* **RAW DATA**:
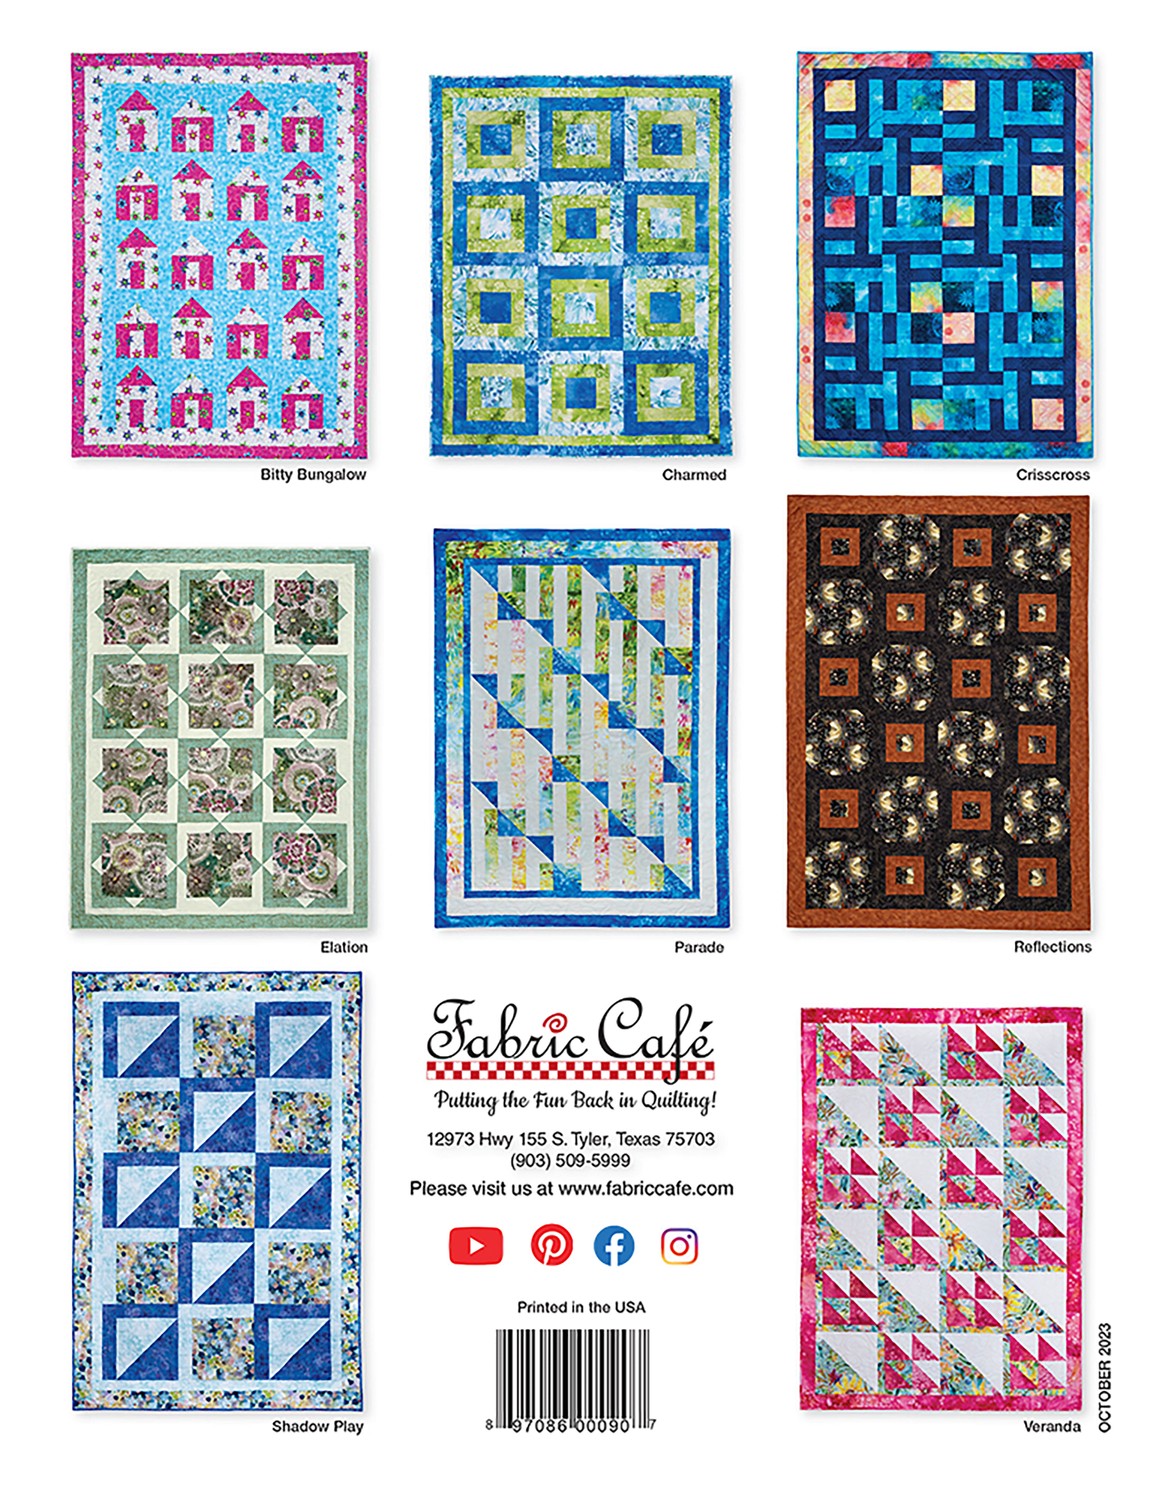 How to place fabric in a 3-Yard Quilt Pattern and New Fabric To
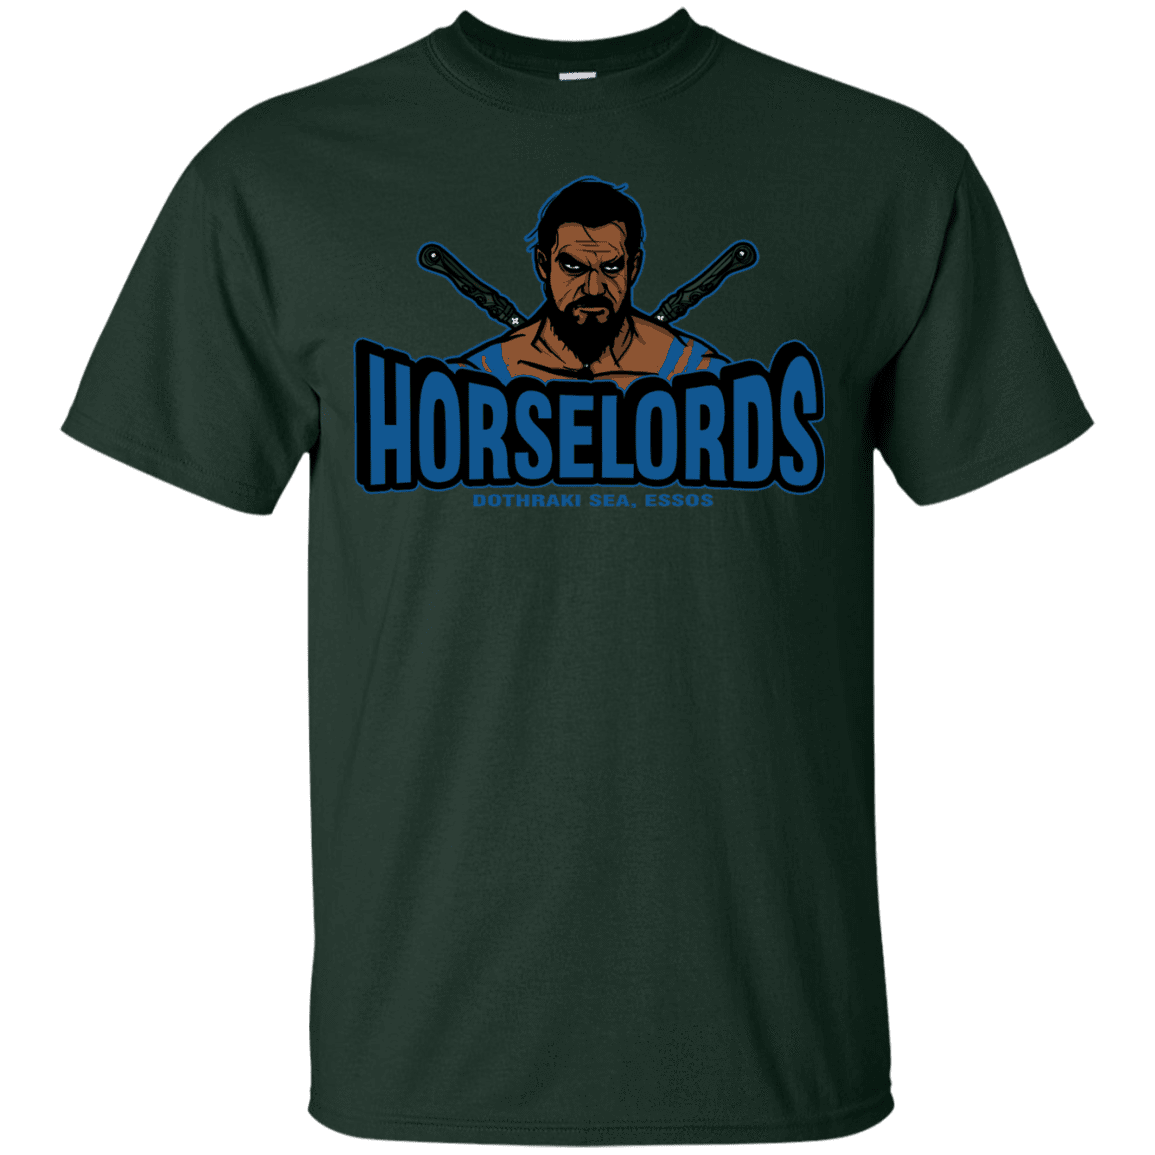 T-Shirts Forest / S Horse Lords T-Shirt
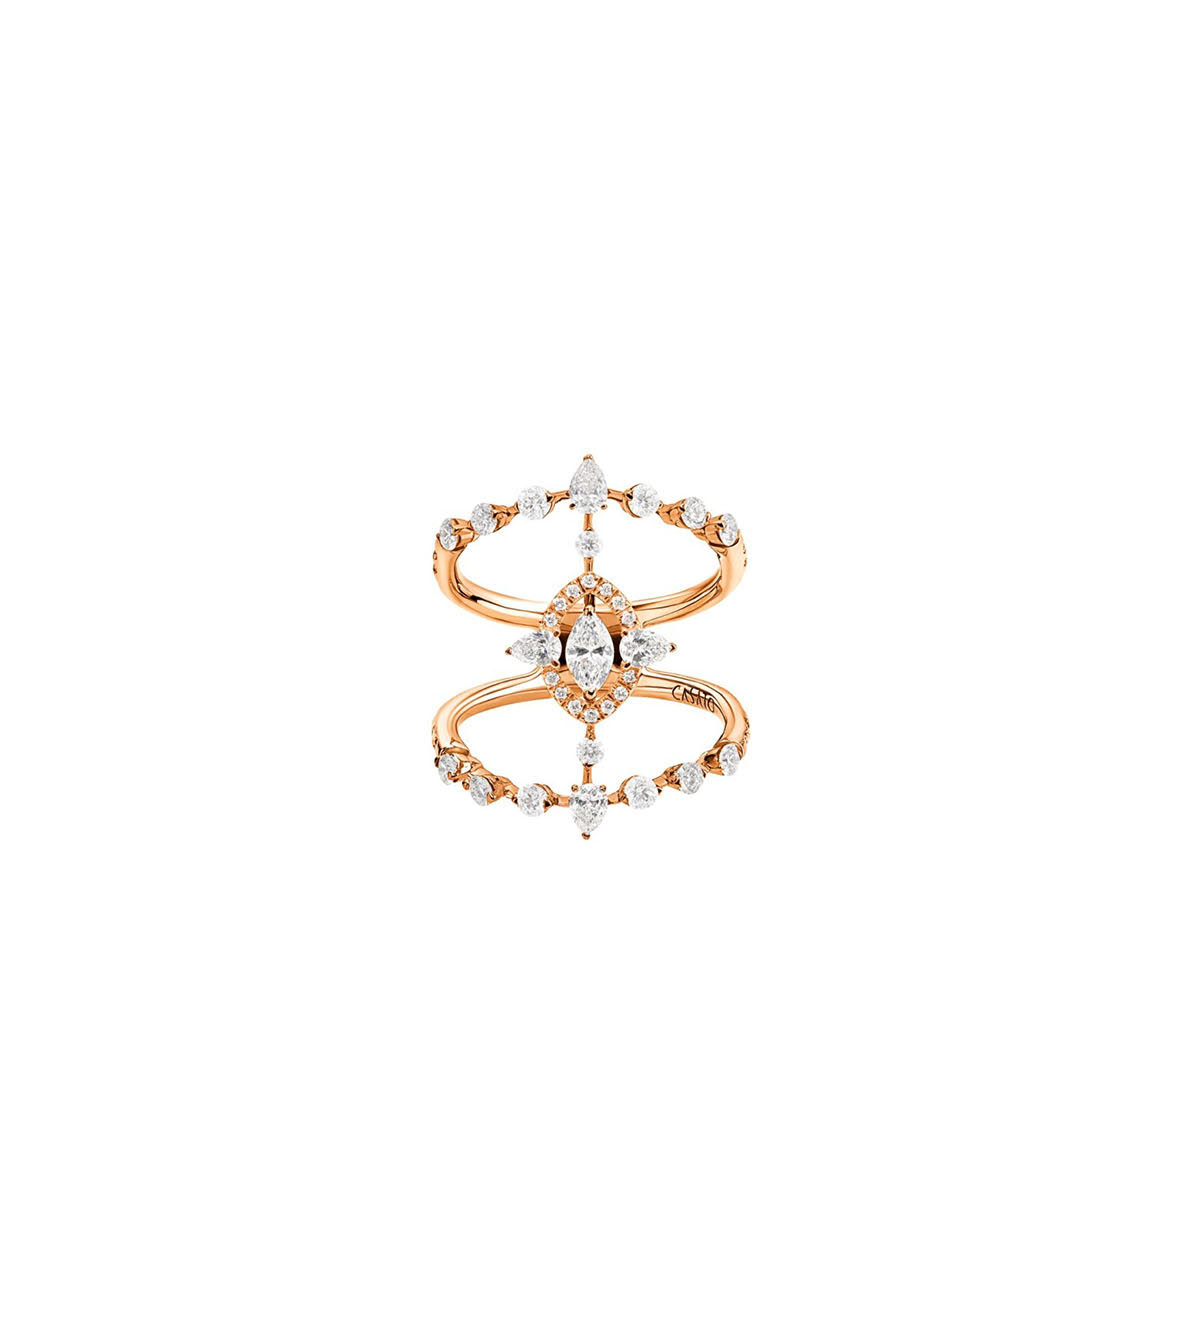 Rock Marquise Band Ring by Casato MX-1304BT-P
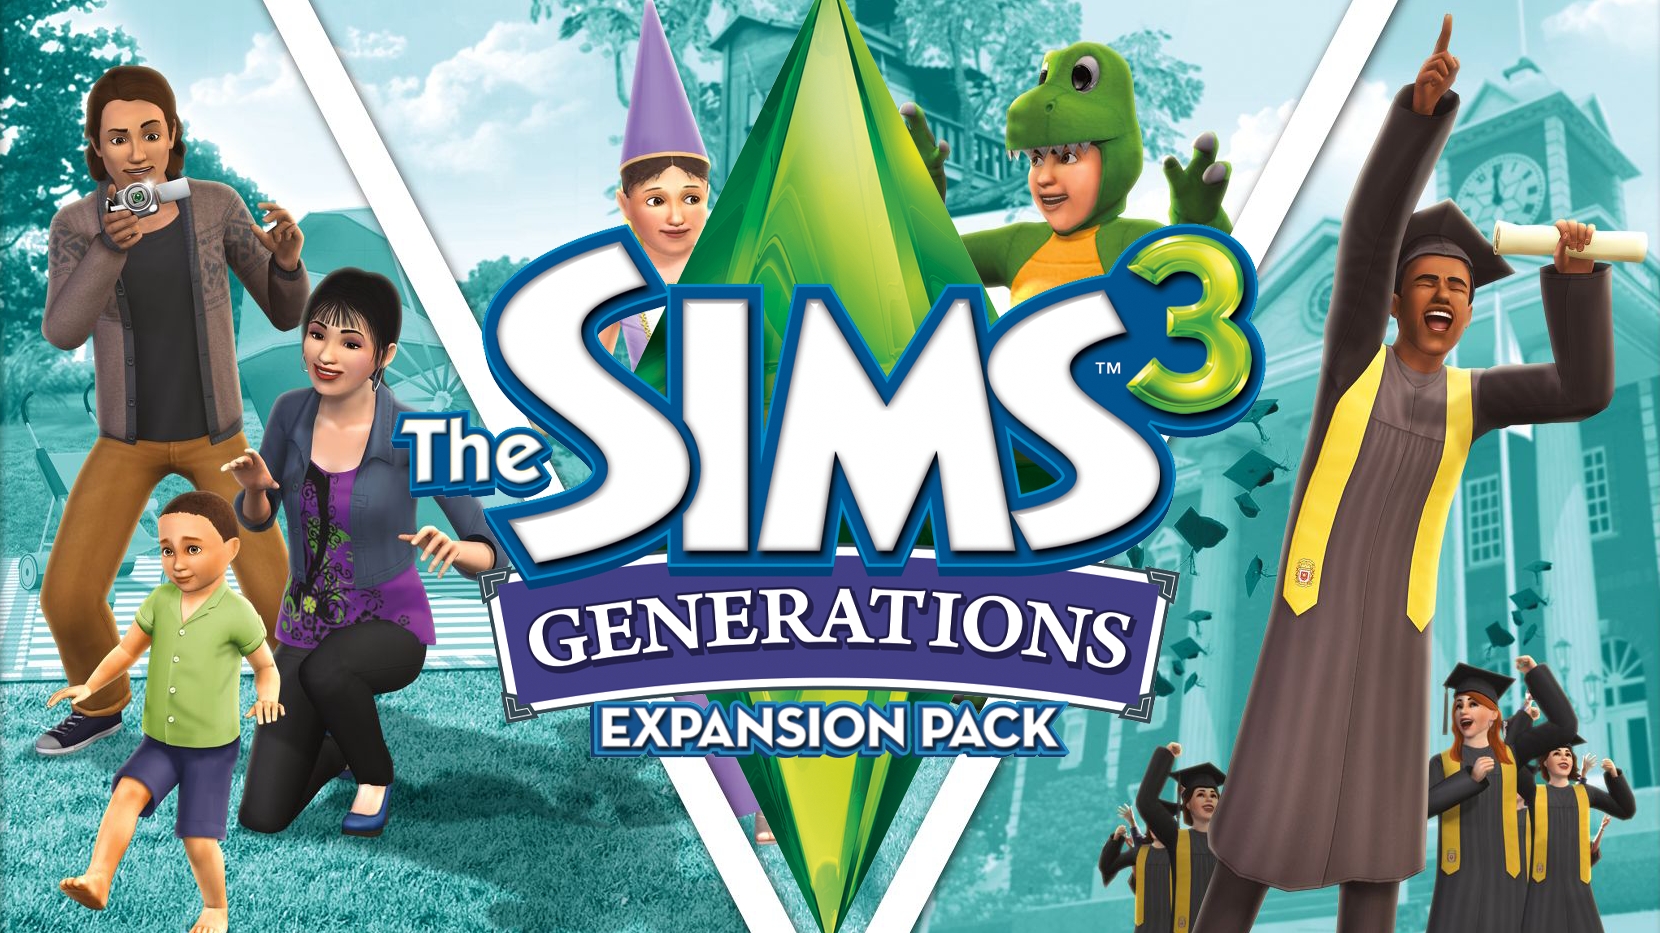 Sims 3 generations mac torrent download download photoshop cc for mac

* **ACTIVITY**: Line by line and exactly, write out the material above. Skip the pictures.

* **WRITTEN RESPONSE**:
 How to place fabric in a 3-Yard Quilt Pattern and New Fabric To
 T-Shirts Forest / S Horse Lords T-Shirt
 Rock Marquise Band Ring by Casato MX-1304BT-P
 Sims 3 generations mac torrent download download photoshop cc for mac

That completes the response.